Wer schützt Schüler vor solchen Bildern?

Alle paar Tage melden bayerische Behörden den Fund perverser Aufnahmen und Videos auf den Handys von Schülern. Etwas vorschnell fordern die Politiker Handyverbote – denn die sind kaum kontrollierbar. Lehrerverband setzt auf mehr Psychologen

AUS MÜNCHEN MAX HÄGLER

Während der Englischprobe ist Brigitte Freitag aufmerksam geworden. Ein Achtklässler, den sie schon einmal beim Spicken erwischt hatte, nestelte allzu auffällig unter Schulbank herum. „Da habe ich unter seinen Tisch geschaut und sah zwei Handys liegen“, erinnert sich die Rektorin der privaten Volksschule Moorenweis an die Schulstunde am vergangenen Mittwoch.
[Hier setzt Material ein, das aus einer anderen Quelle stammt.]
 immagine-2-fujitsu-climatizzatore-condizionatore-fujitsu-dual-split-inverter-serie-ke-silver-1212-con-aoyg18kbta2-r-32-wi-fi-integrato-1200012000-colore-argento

„Der Schüler war auch danach auffällig nervös, eindringlich hat er mich nach der Stunde gebeten, die Geräte wieder herauszugeben.“ Da wollte die Schulleiterin es genauer wissen: „Ich habe sofort gewaltverherrlichende und pornografische Videos gefunden und eine Lehrerkonferenz einberufen,“ erklärte Freitag der taz.
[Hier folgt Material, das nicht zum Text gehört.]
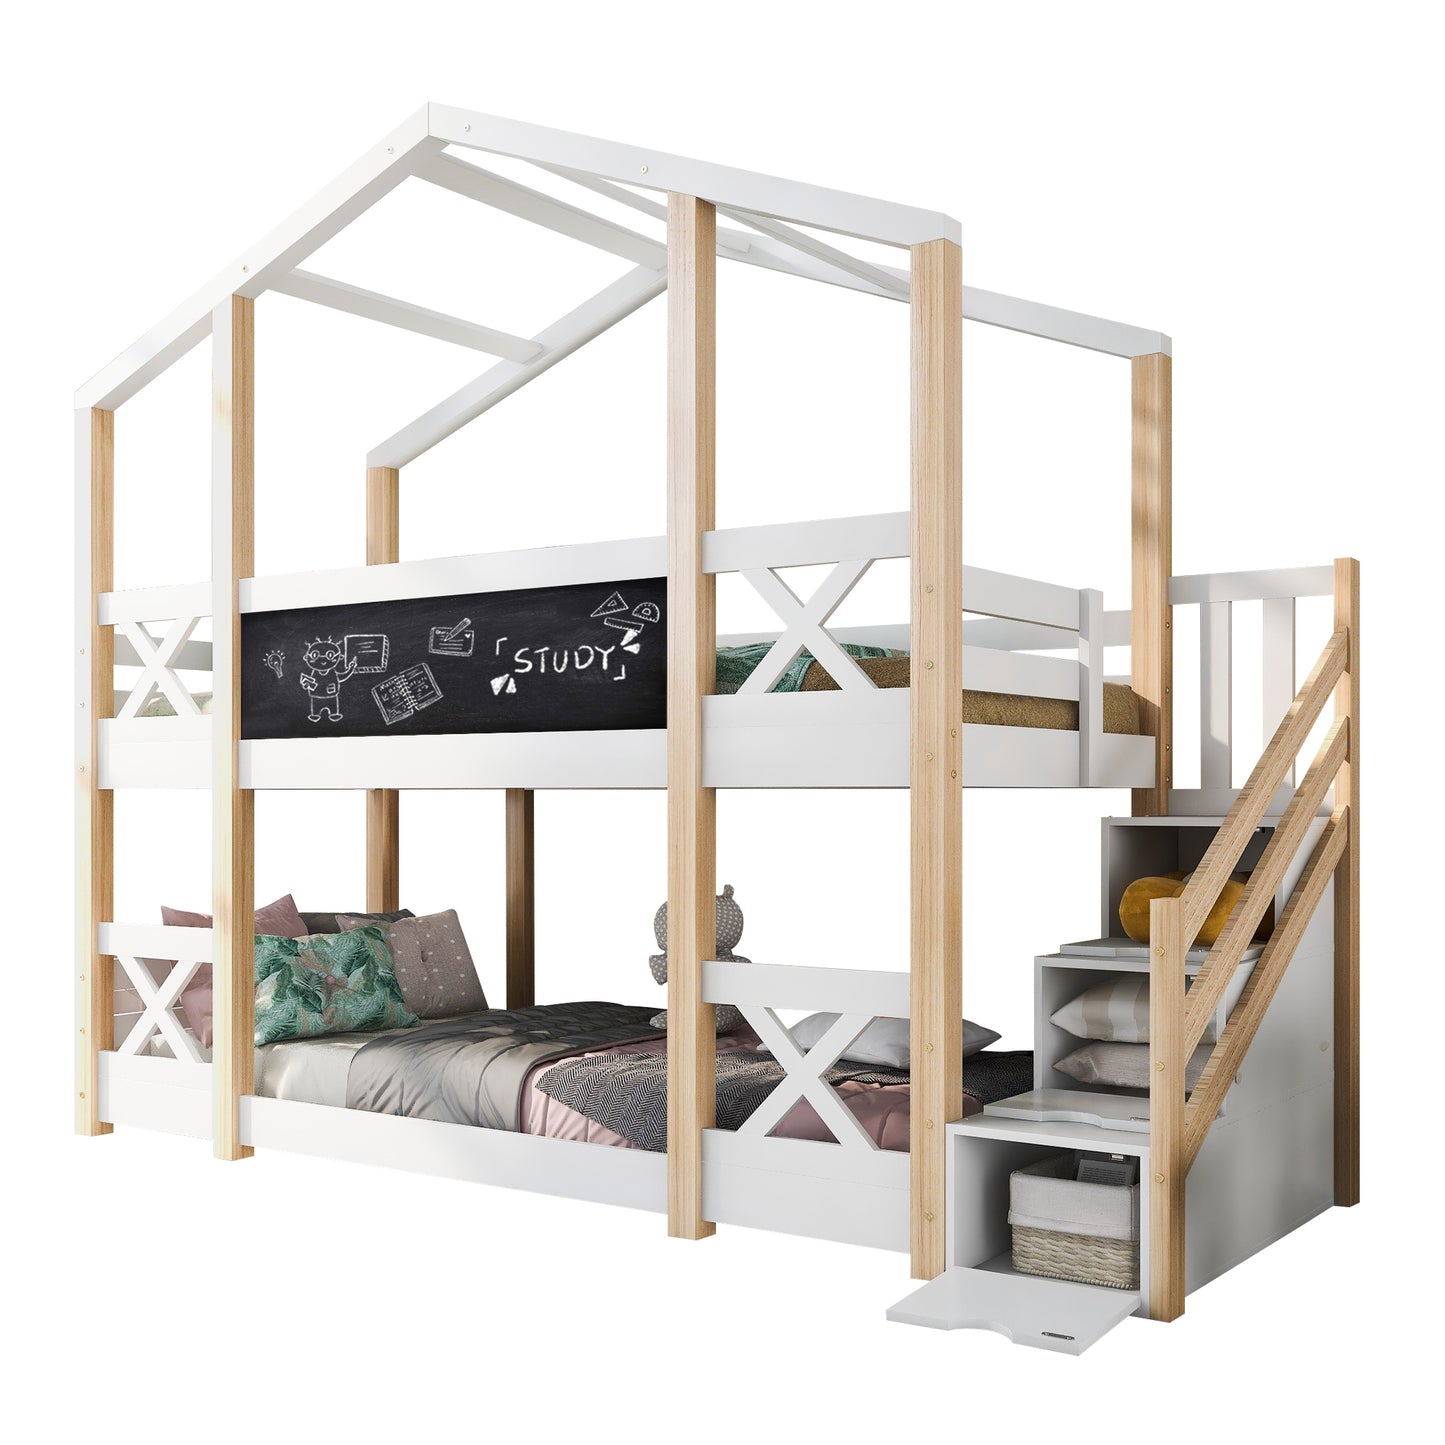 Barnsäng säng  90 x 200 cm, loft säng för barn- 2x Slamated Frame Nature & White

Am Nachmittag wurde die Polizei eingeschaltet, die mit einem halben Dutzend Beamten die Telefone der Jahrgangsstufen sieben bis neun untersuchte – und bei sechs Schülern zwischen 14 und 17 Jahren fündig wurde. „Wir sind dabei auf Videos gestoßen, die leider schon länger im Umlauf sind“, sagt Kriminalhauptkommissar Werner Kraus vom zuständigen Polizeipräsidium Fürstenfeldbruck. „Etwa die Enthauptung eines Soldaten, wohl im Tschetschenien-Krieg, einen Tierporno und das Video von einer Frau, der in den Kopf geschossen wird.“ Nicht der Besitz, aber die Weitergabe solchen Materials ist verboten.

Zwar schlagen auch andere Bundesländer Alarm, etwa Baden-Württemberg und Hessen. Aber vor allem in Bayern melden Schulen und Behörden alle paar Tage entsprechende Funde. Auch in Augsburg, Immenstadt und Kaufbeuren durchsuchte die Polizei erst jüngst hunderte Mobiltelefone und stieß dabei auf Videos mit abgeschlagenen Köpfe oder Aufnahmen von eigenen Schlägereien.

Als erster Bundespolitiker hat nun CSU-Generalsekretär Markus Söder ein Handyverbot gefordert: „Wir dürfen nicht zulassen, dass Kinder Filme von Vergewaltigungen oder Misshandlungen wie Fußballbilder tauschen“, sagte er der Bild am Sonntag. Sein Lösungsvorschlag: „Video-Handys sollten nicht mehr an Kinder unter 16 Jahren verkauft werden.“ In der vergangenen Woche war bereits der bayerische Schulminister Sigfried Schneider (CSU) mit einer vergleichbaren Idee auf wenig Gegenliebe gestoßen.

„Es ist leicht, Verbote aufzustellen, aber man muss sie auch kontrollieren“, sagt etwa Polizist Kraus. Denn die hundert Gramm leichten Geräte lassen sich lautlos stellen und in der Jackentasche verstecken – getauscht wird dann eben vor der Schule oder auf dem Klo.

Auch am bayerischen Schulministerium hat man das inzwischen erkannt. Inzwischen plane man „nicht in erster Linie“ ein Handyverbot, sondern wolle prüfen, ob sich der „Missbrauch weiter reduzieren lasse“. Schließlich sei schon seit April 2000 die Handybenutzung im Unterricht verboten. Wer es bei Prüfungen nicht ausschaltet, bekommt eine Sechs wegen „Unterschleifs“ – Spicken.

Auch Albin Dannhäuser, Präsident des Bayerischen Lehrerinnen- und Lehrerverbands, sieht keine Ideallösung. Polizeirazzien an Schulen seien zwar eine Gratwanderung, aber manchmal nicht abwendbar: „Die Kinder müssen geschützt werden.“ Allerdings sei es wichtig, die tieferen Ursachen anzugehen. Denn das Abspielen solcher Videos im Kreise der Klassenkameraden sei ebenso Ausdruck eine schwachen Persönlichkeit wie Drogenkonsum oder Mobbing.

„Die Elternhäuser können das immer weniger auffangen. Deshalb brauchen wir Psychologen und Pädagogen, um die Kinder und Jugendlichen zu starken Persönlichkeiten zu machen“, sagte Dannhäuser zur taz. Dies sei der beste – und vielleicht einzige – Schutz vor perversen Bildern.